Ablating Safety: Mechanisms for Removing Alignment in Language Models for Security Applications

TL;DR

This paper explores methods to remove safety alignment in language models for security tasks, evaluating the impact on security performance, safety, and general capabilities through various projection and fine-tuning techniques.

Contribution

It introduces a controlled protocol for alignment removal, compares multiple techniques, and provides empirical results on security and safety metrics.

Findings

Single-vector refusal projection slightly improves security score but increases unsafe compliance.

Rank-4 refusal-subspace projection achieves better security scores while maintaining spillover rates.
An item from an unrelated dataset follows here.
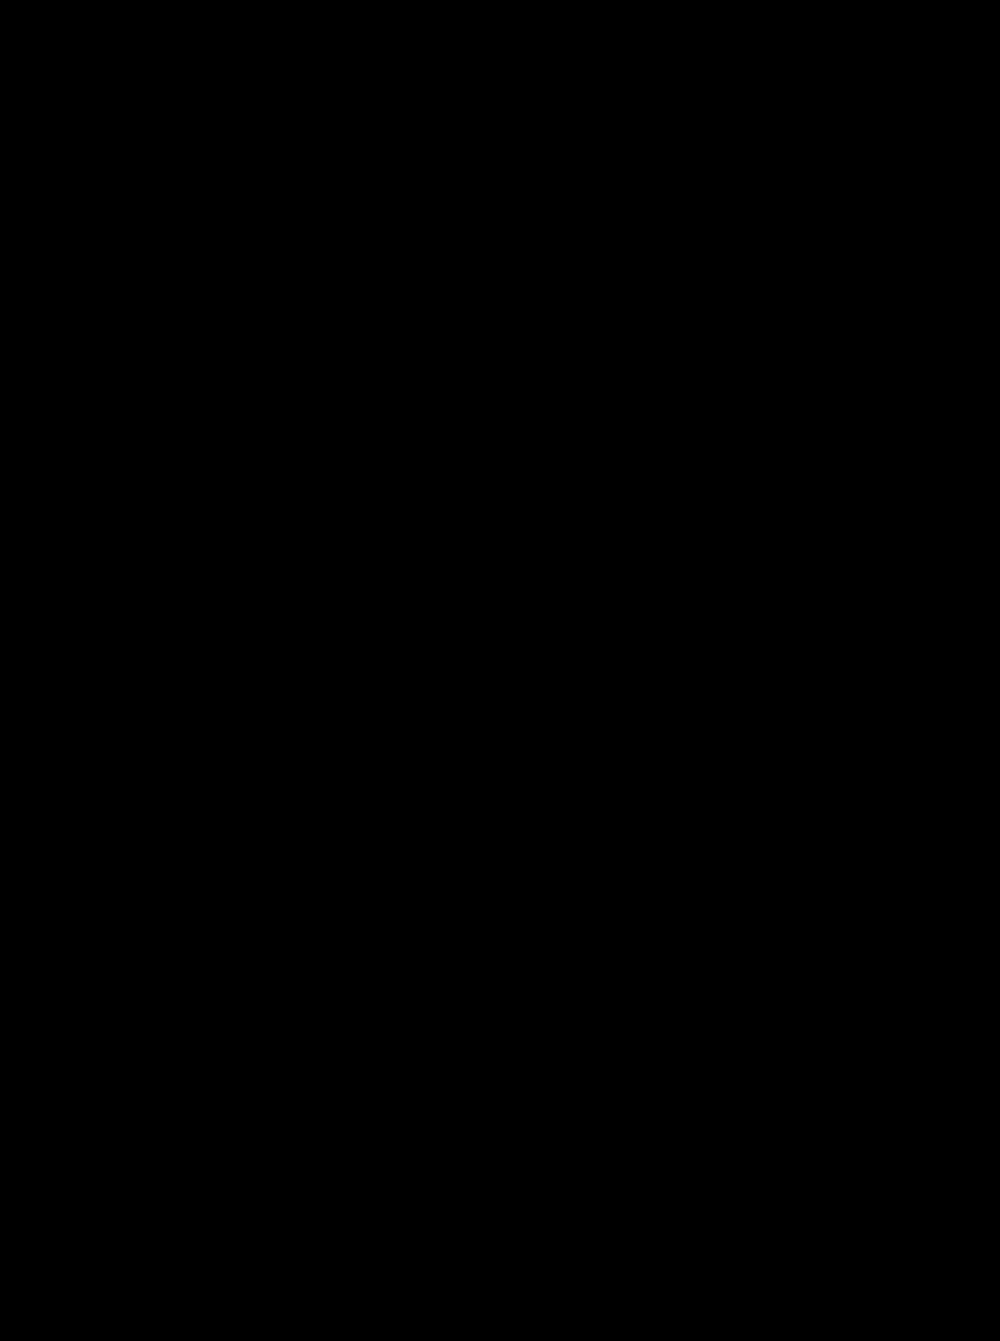 vector transparent stock File glass silhouette svg. Margarita clipart vector.

Task-only LoRA significantly enhances security performance with minimal unsafe compliance.

Abstract

Safety-aligned language models often refuse cybersecurity requests whose wording resembles misuse, even when the task is authorized and defensive. This makes security evaluation ambiguous: a failed answer may reflect missing capability or refusal-policy intervention. Ablating Safety studies alignment removal as a controlled transformation-evaluation protocol for authorized security tasks, comparing authorized-context prompting, reversible refusal-direction activation projection, representation-control projections, and LoRA-based de-alignment or task adaptation. We evaluate refusal, attempt rate, validated security success, general-capability retention, instability, and out-of-scope unsafe compliance on Security-AR, a 60-prompt suite of authorized security, benign general, and non-operational spillover probes. The reported runs include a four-model projection pilot with 416 completions, a three-model Qwen2.5 LoRA extension with 1,980 held-out completions, representation and robustness sweeps, and executable secure-repair validators. Single-vector refusal projection raises mean security score only from 0.46 to 0.50 while increasing unsafe compliance from 0.10 to 0.47; rank-4 refusal-subspace projection reaches 0.51 while matching the aligned spillover rate. Task-only LoRA raises mean security score to 0.87 with general score 0.83 and unsafe compliance 0.13, while refusal-suppression with retention raises spillover to 0.27. These results support evaluating alignment removal as a utility-risk frontier, not as an uncensoring recipe, and treating compliance alone as neither competence nor safe deployment.